___ COLLECTED DATA ___

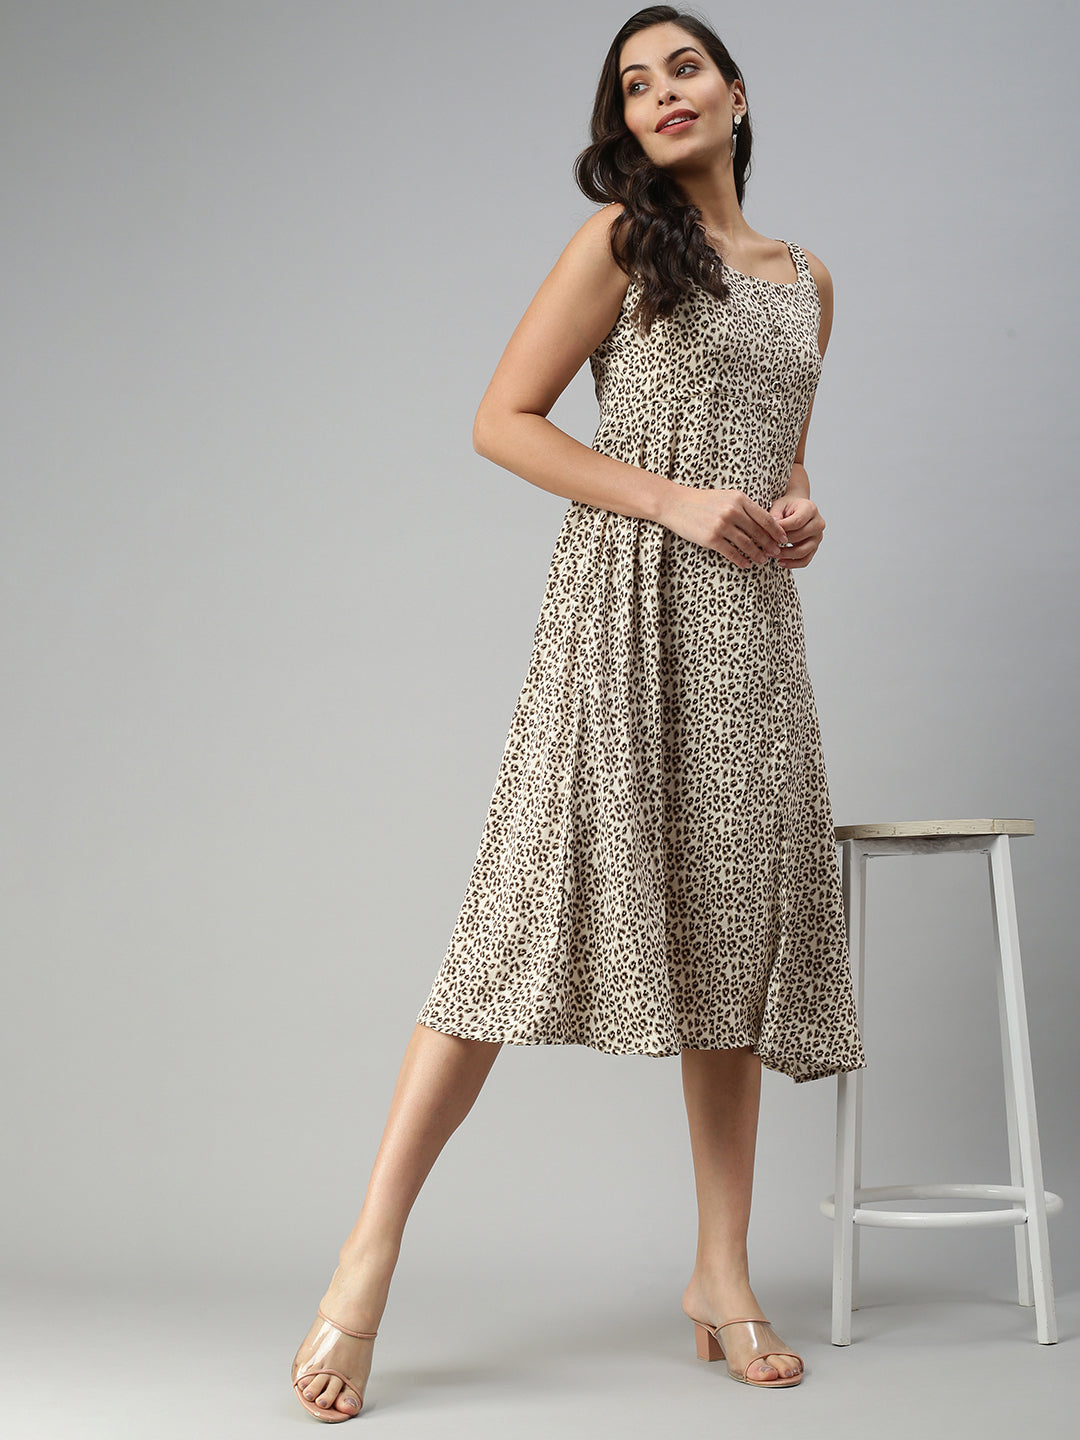 Women's Animal Beige Fit and Flare Dress
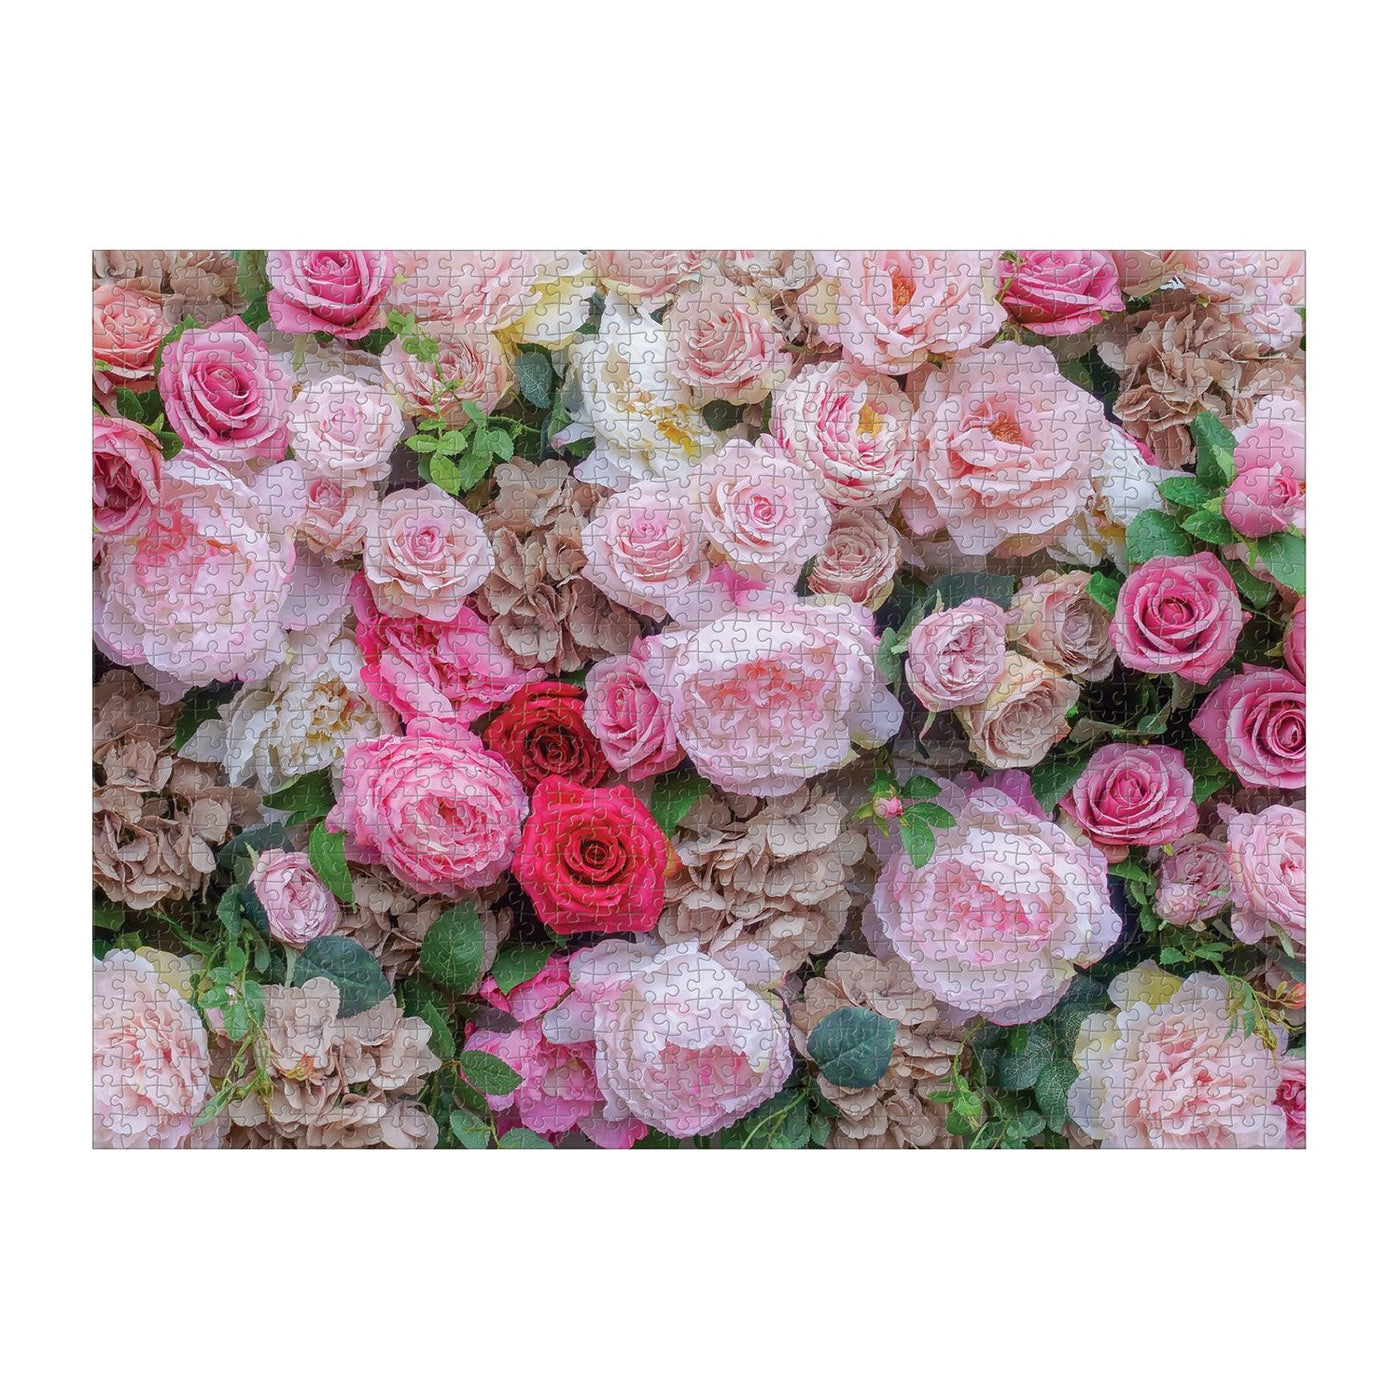 English Roses | 1,000 Piece Jigsaw Puzzle
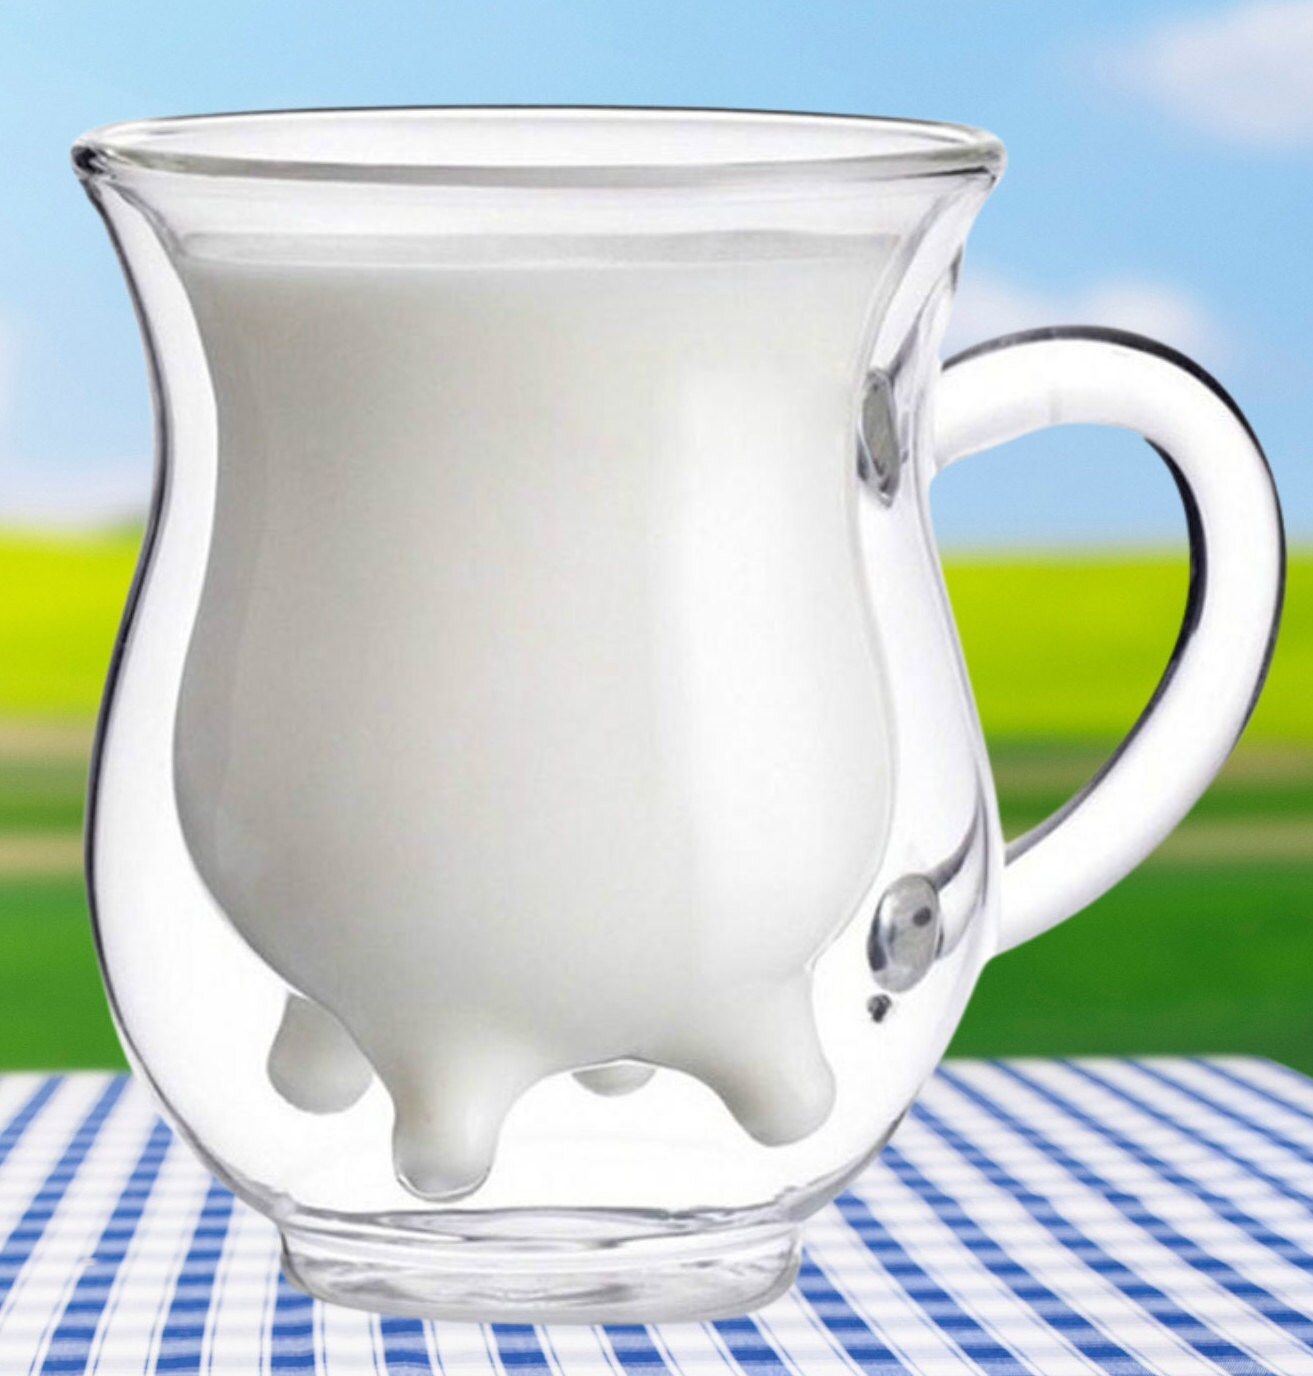 The Heifer Milk Pitcher, Designed To Look Like it Has Cow Udders

___

• _EXERCISE GOAL_
Could the material above be given again in full and exactly, with its pictures left out?

• _RESPONSE TO THIS EXERCISE_
 Women's Animal Beige Fit and Flare Dress
 English Roses | 1,000 Piece Jigsaw Puzzle
 The Heifer Milk Pitcher, Designed To Look Like it Has Cow Udders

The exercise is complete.